Perhaps I am not understanding what you mean? If I add #if ( __CUDA_ARCH__ < 600 ) and #endif around the whole function definition in my snippet above, and compile with -arch=sm_35, I still get exactly the same error. And why should it change -- the if case evaluates to true and I get identical code to the first case?
Florent DUGUET almost 8 years

@kalj, my macro test was indeed incomplete (that is fixed). I provided a complete example wich compiles using CUDA 8.0 RC on linux Ubuntu 16.04.
kalj almost 8 years

Okay, now this makes sense, and solves the problem.

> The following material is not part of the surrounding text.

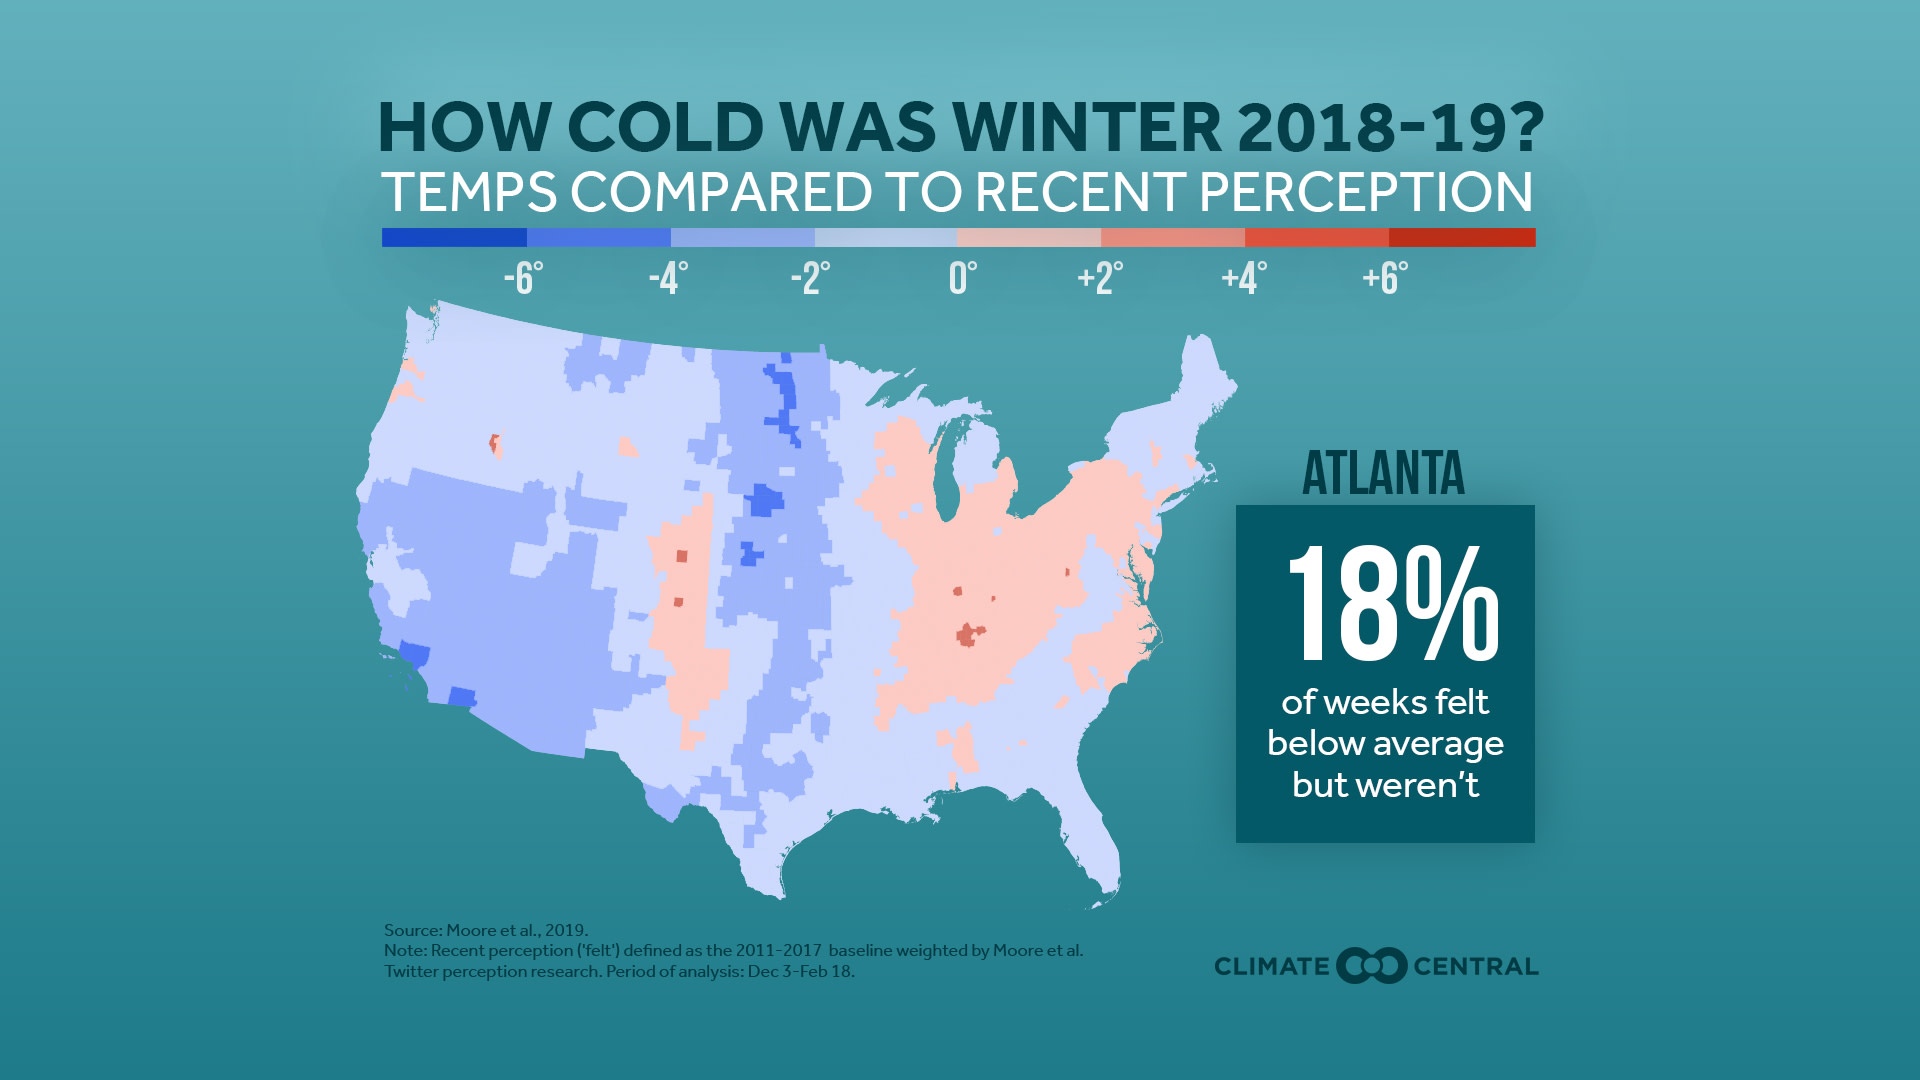 Market - How Was This Winter’s Cold Perceived?
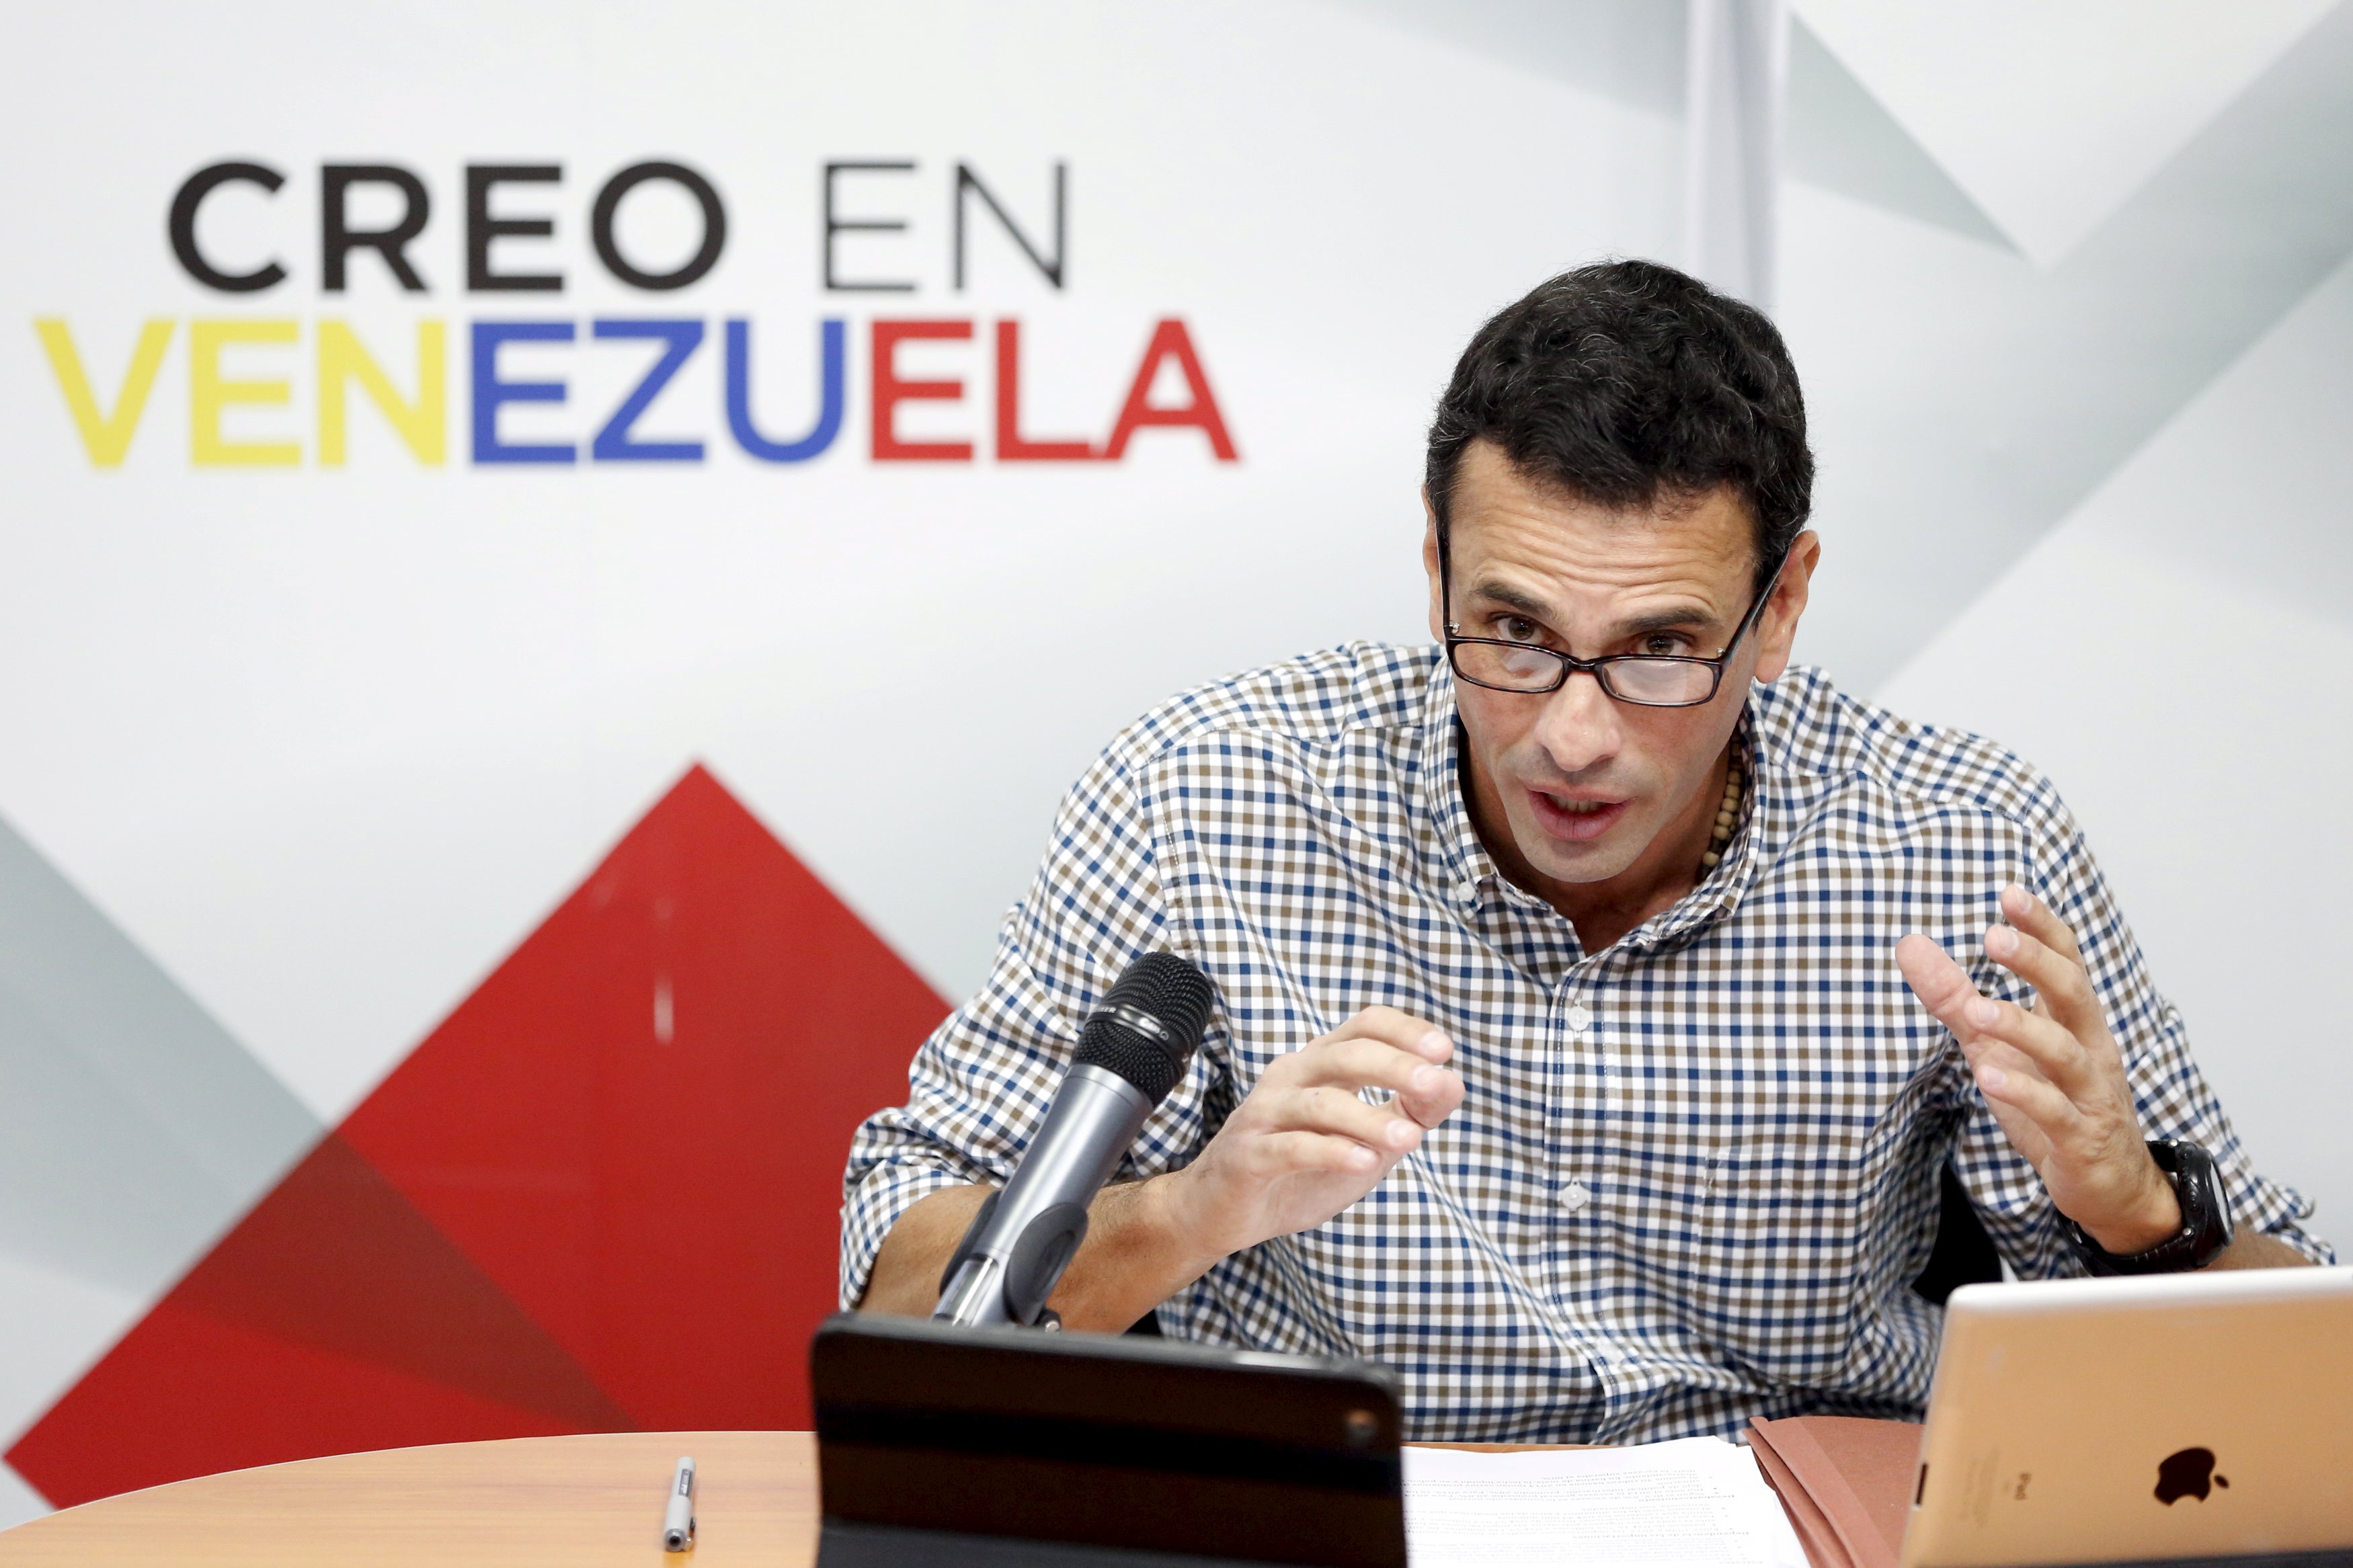 One of Venezuela's opposition leaders, Henrique Capriles talks to the media during a news conference in Caracas Dec. 21, 2015.

However, I still feel that this is not av very nice behavior from the compiler. The developers do recognize this if not as a bug, but still as an issue. See my edit of the question.
Kriegalex almost 7 years

How do you prevent custom pre-pascal atomicAdd(double, double) to hide the atomicAdd(float, float) CUDA function (device_atomic_function.hpp) on systems >=CC2.X && < CC6.X ?
Florent DUGUET almost 7 years

@Kriegalex, I would assume the C++ compiler to mitigate between float and double types.
Kriegalex almost 7 years

@FlorentDUGUET it was a thing of namespaces, atomicAdd(double, double) should be outside the namespace, otherwise you have to provide yourself the float version
AdrianO almost 7 years

I'm confused about the if pragma statement -- if I want to overwrite atomicAdd(double*, double) only pre sm_60 and for CUDA <8.0, shouldn't this read #if defined(__CUDA_ARCH__) && __CUDA_ARCH__ >= 600 with the same following if-structure as you said?
Kolay.Ne almost 4 years

@FlorentDUGUET, why have you edited your answer (replaced #if condition ... #endif with #if !condition #else ... #endif)? The if-endif version didn't work for me (I guess, it was always true, regardless of architecture), and if-else-endif did, but I wonder if you could tell me why???